PROBLEM REQUIREMENTS
Leaving the pictures aside, reproduce the data in full and word for word.

RAW DATA

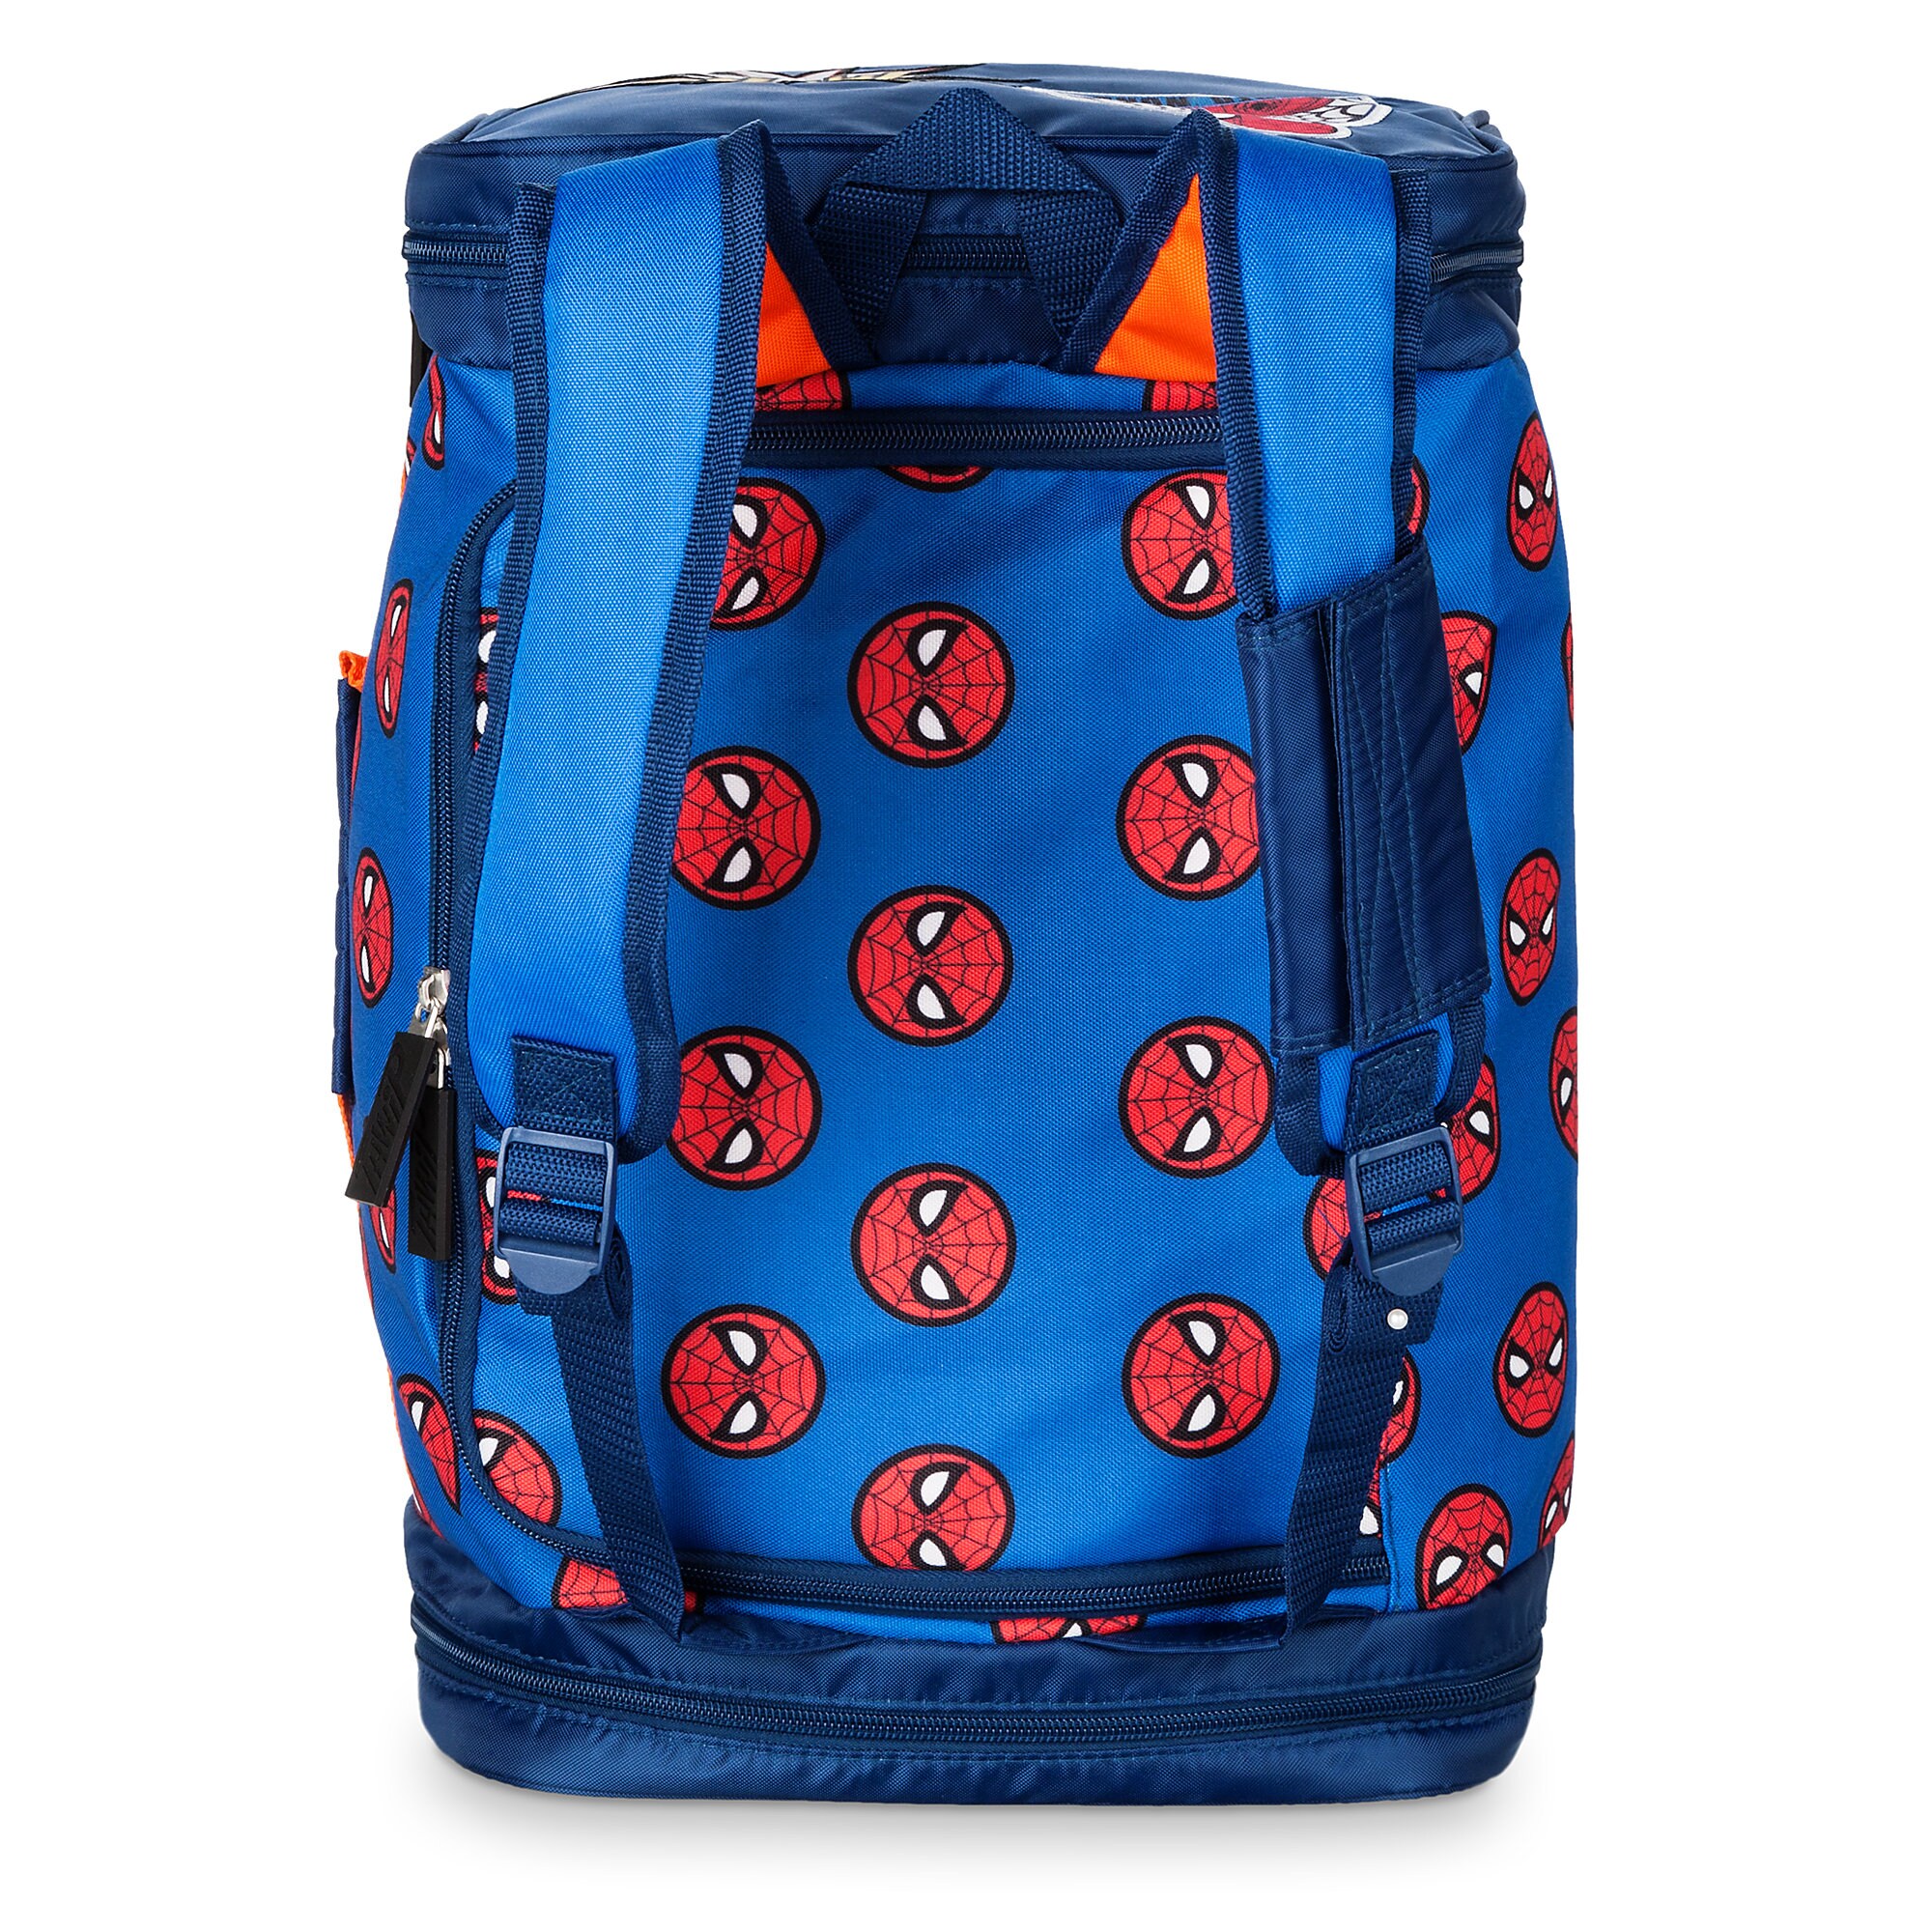 Spider-Man Duffle Bag for Kids
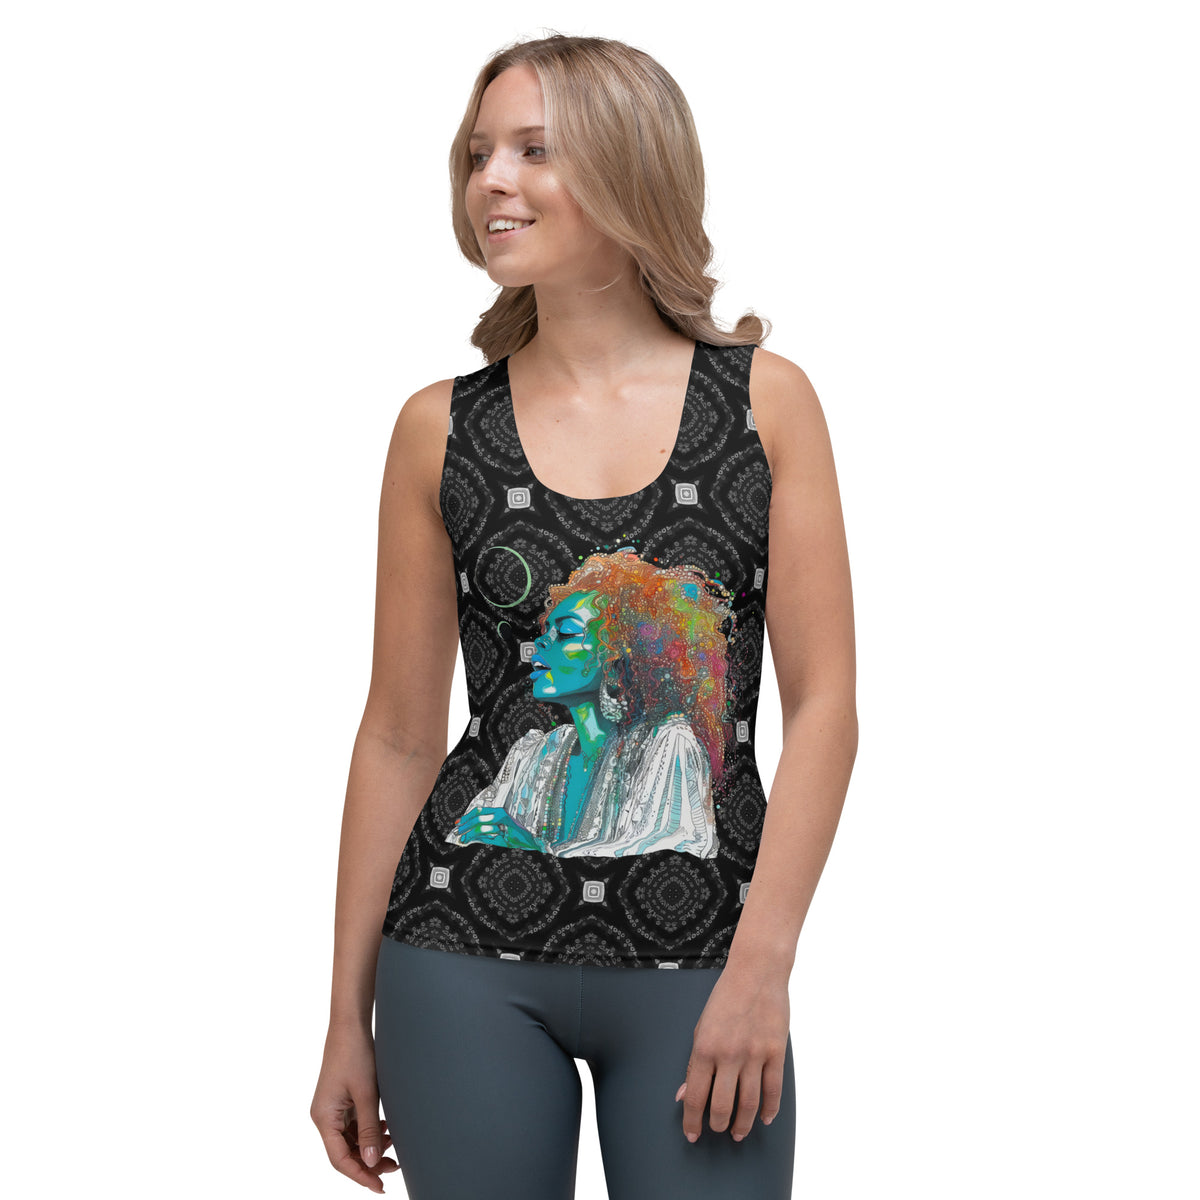 Model wearing Floral Fusion Women's Tank Top in a casual setting.
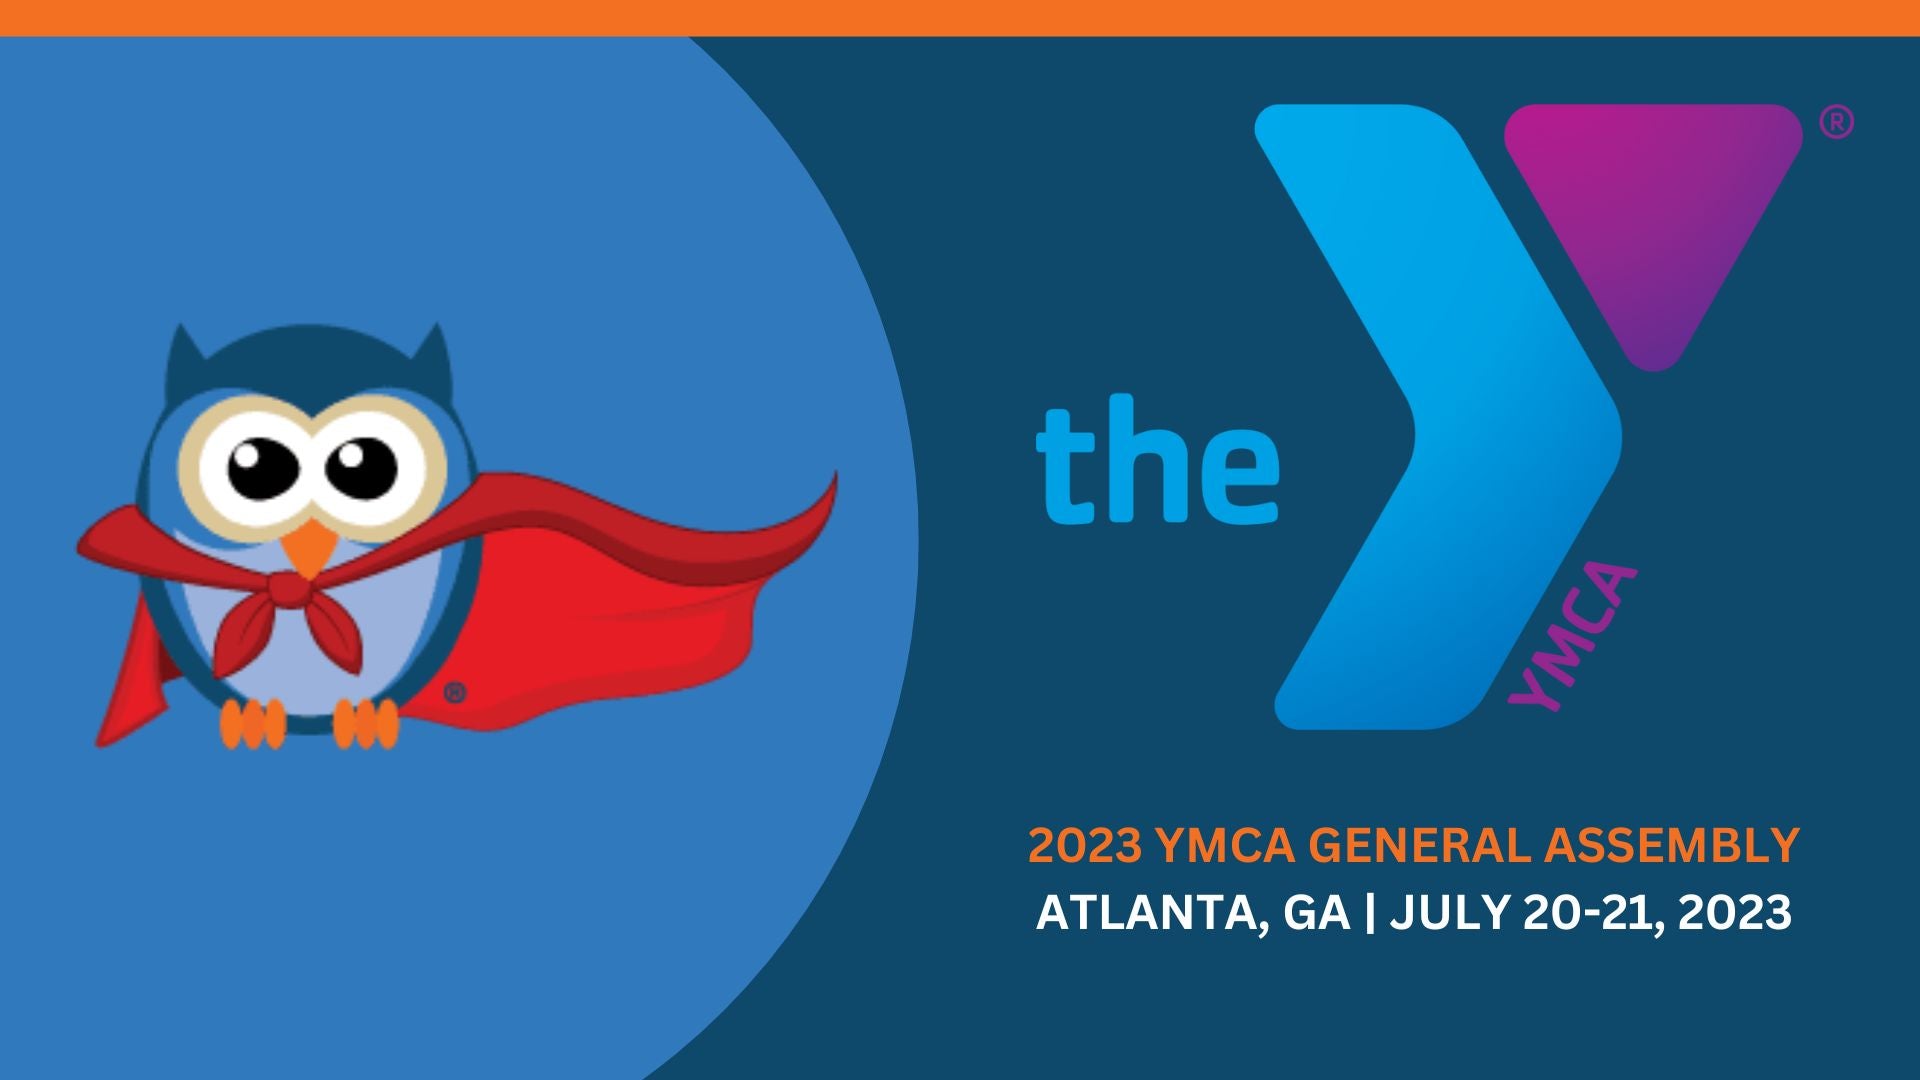 STEMfinity is in Atlanta this week for the 2023 YMCA General Assembly
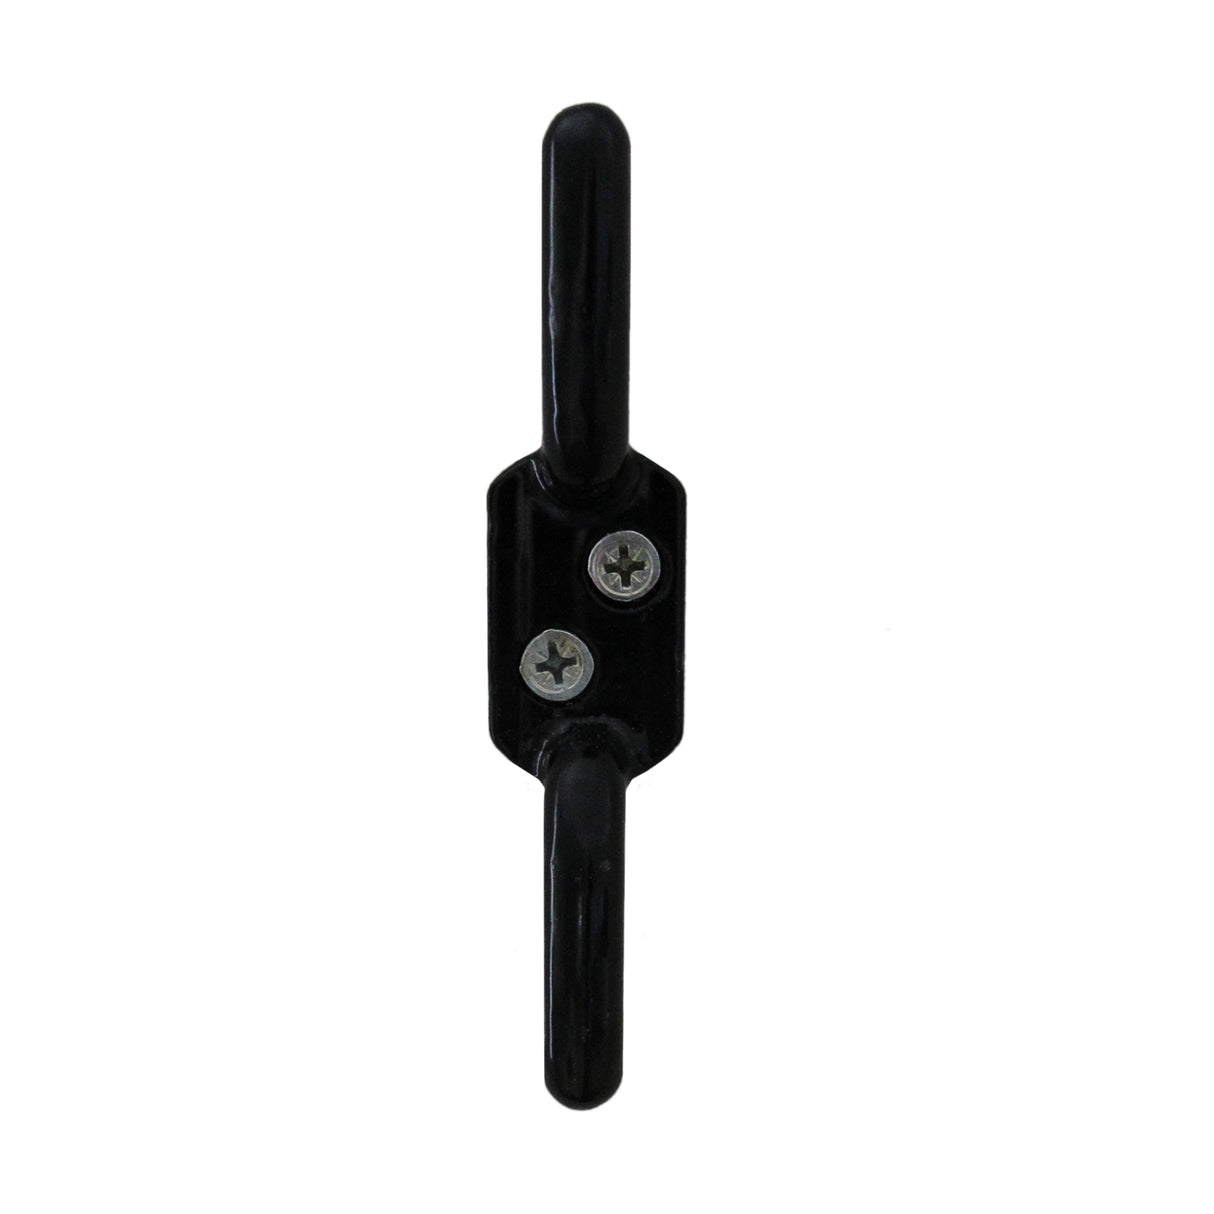 Clothing Airer Ceiling Pulley - Black - 2.4m

SOLUTION TO THIS PROBLEM
 Spider-Man Duffle Bag for Kids
 Model wearing Floral Fusion Women's Tank Top in a casual setting.
 STEMfinity is in Atlanta this week for the 2023 YMCA General Assembly
 Clothing Airer Ceiling Pulley - Black - 2.4m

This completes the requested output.